The function f is defined by f(x)= (25-x^2)^(1/2) for -5 less than or = x less than or = 5
A) find f'(x)
B) write an equation for the tangent to the graph of f at x=3
C) let g be the function defined by g(x)= (f(x) for -5<or=x<or=-3)and (x+7 for -3<or=x<or=5)

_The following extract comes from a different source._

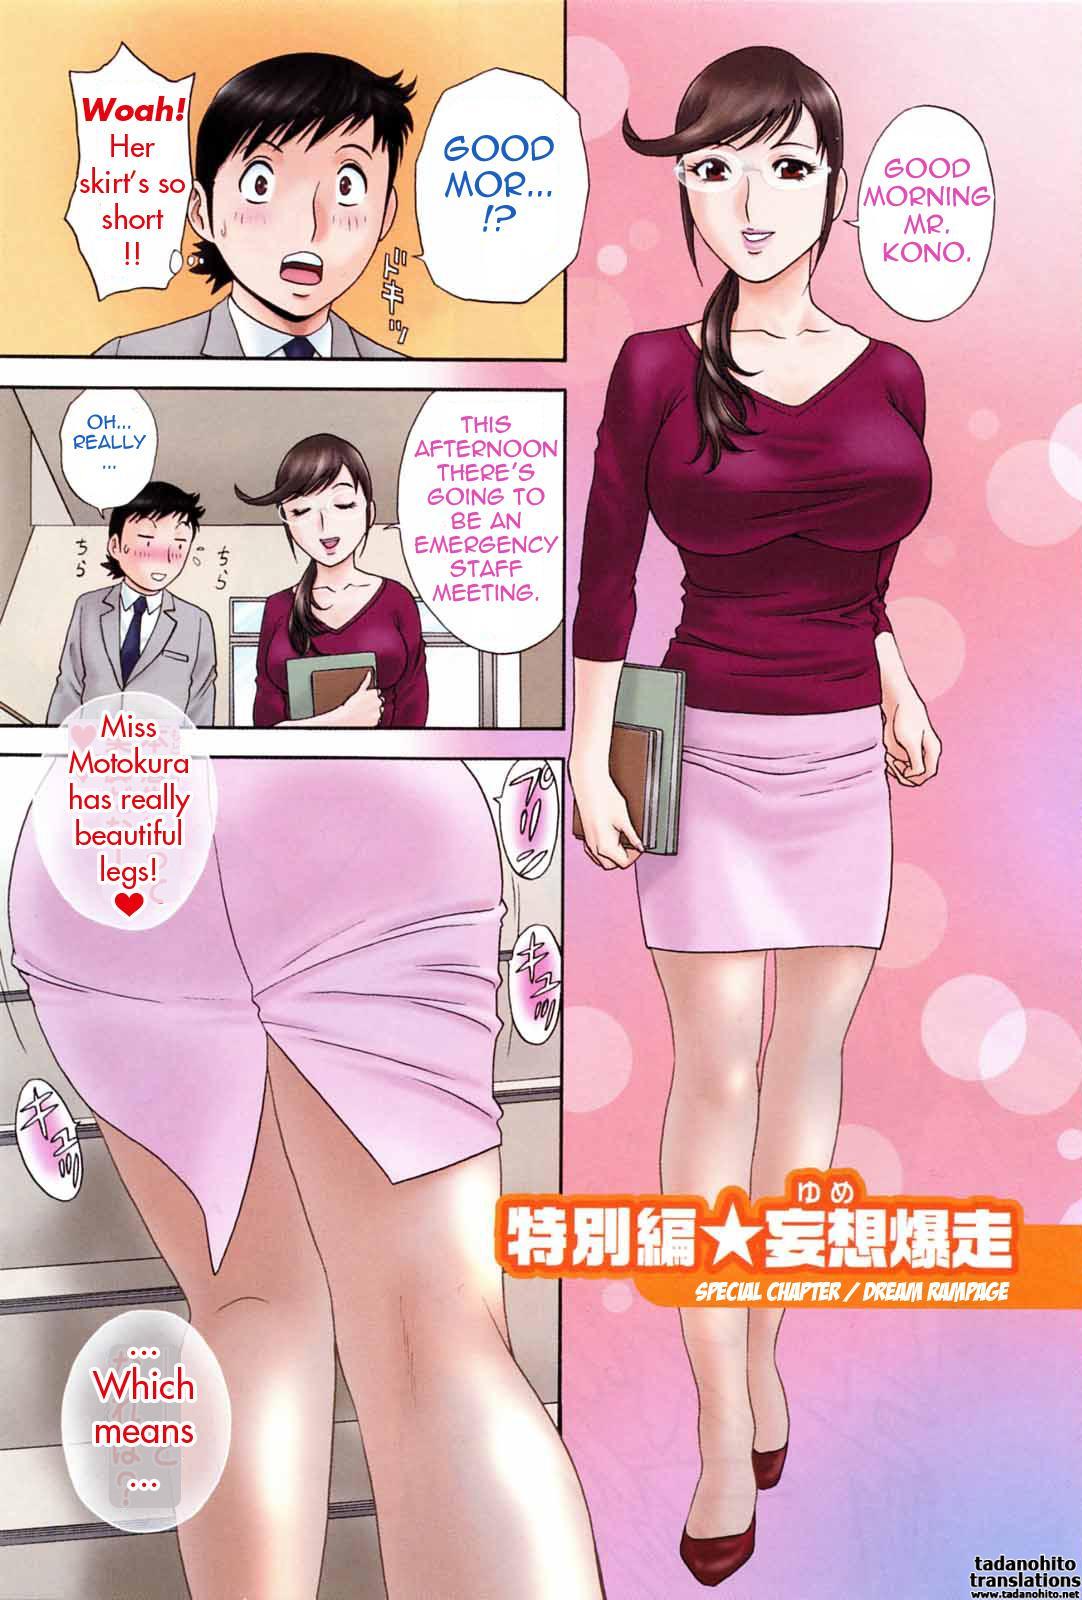 [Hidemaru] Mo-Retsu! Boin Sensei (Boing Boing Teacher) Vol.5 [English] [4dawgz] [Tadanohito] 4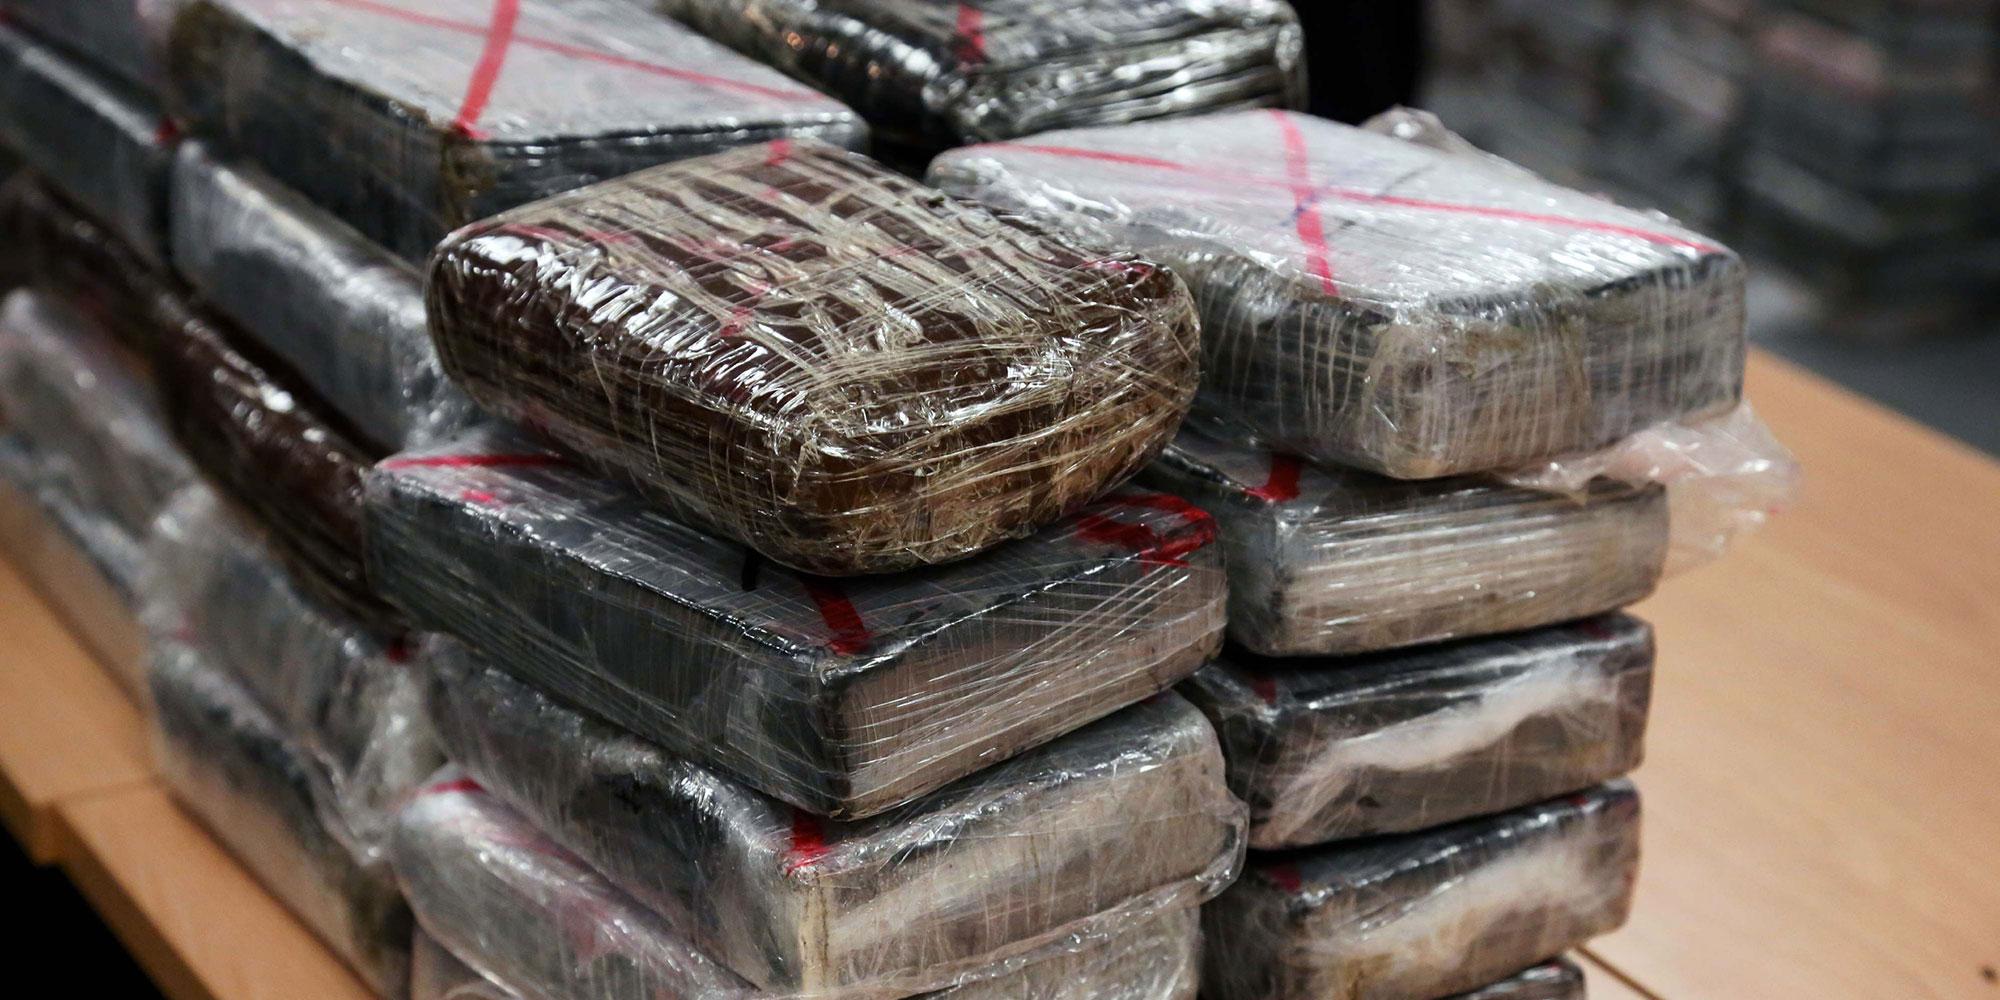 Trafic de drogue : 1,4 tonne de cocaïne venue de Martinique saisie dans les Hauts-de-Seine

D) find the value of the intagral 5 over 0 of x(25-x^2)^(1/2)dx
- Calc - Steve, Tuesday, March 19, 2013 at 3:07pm
do you have no idea at all about any of these questions? Hard to believe this would come up till the topics have been covered. They look like pretty straightforward calculus and algebra operations.
How far do you get?
- Calc - Aparna, Tuesday, March 19, 2013 at 3:12pm
i found A and B, just checking if they're right. C i can never remember how to do these. D i haven't tried yet but i could probably figure out but i figured since i was putting the rest up i would do it as well
- Calc - Steve, Tuesday, March 19, 2013 at 3:19pm
There's nothing to figure out for C. They're just defining a new function. Not sure why it's even there.
For D, it's pretty straightforward. Let
u = 25-x^2
then du = -2x dx and we have
∫[0,5] x√(25-x^2) dx
= ∫[5,0] -1/2 √u du
and it's clear sailing from there on
- Calc - Aparna, Tuesday, March 19, 2013 at 3:21pm
- Calc - Steve, Tuesday, March 19, 2013 at 3:22pm
A: d/dx √(25-x^2) = -x/√(25-x^2)
B. At x=3, f(x)=4, so
f'(3) = -3/4
Now you have a point (3,4) and a slope: -3/4
y-4 = -3/4 (x-3)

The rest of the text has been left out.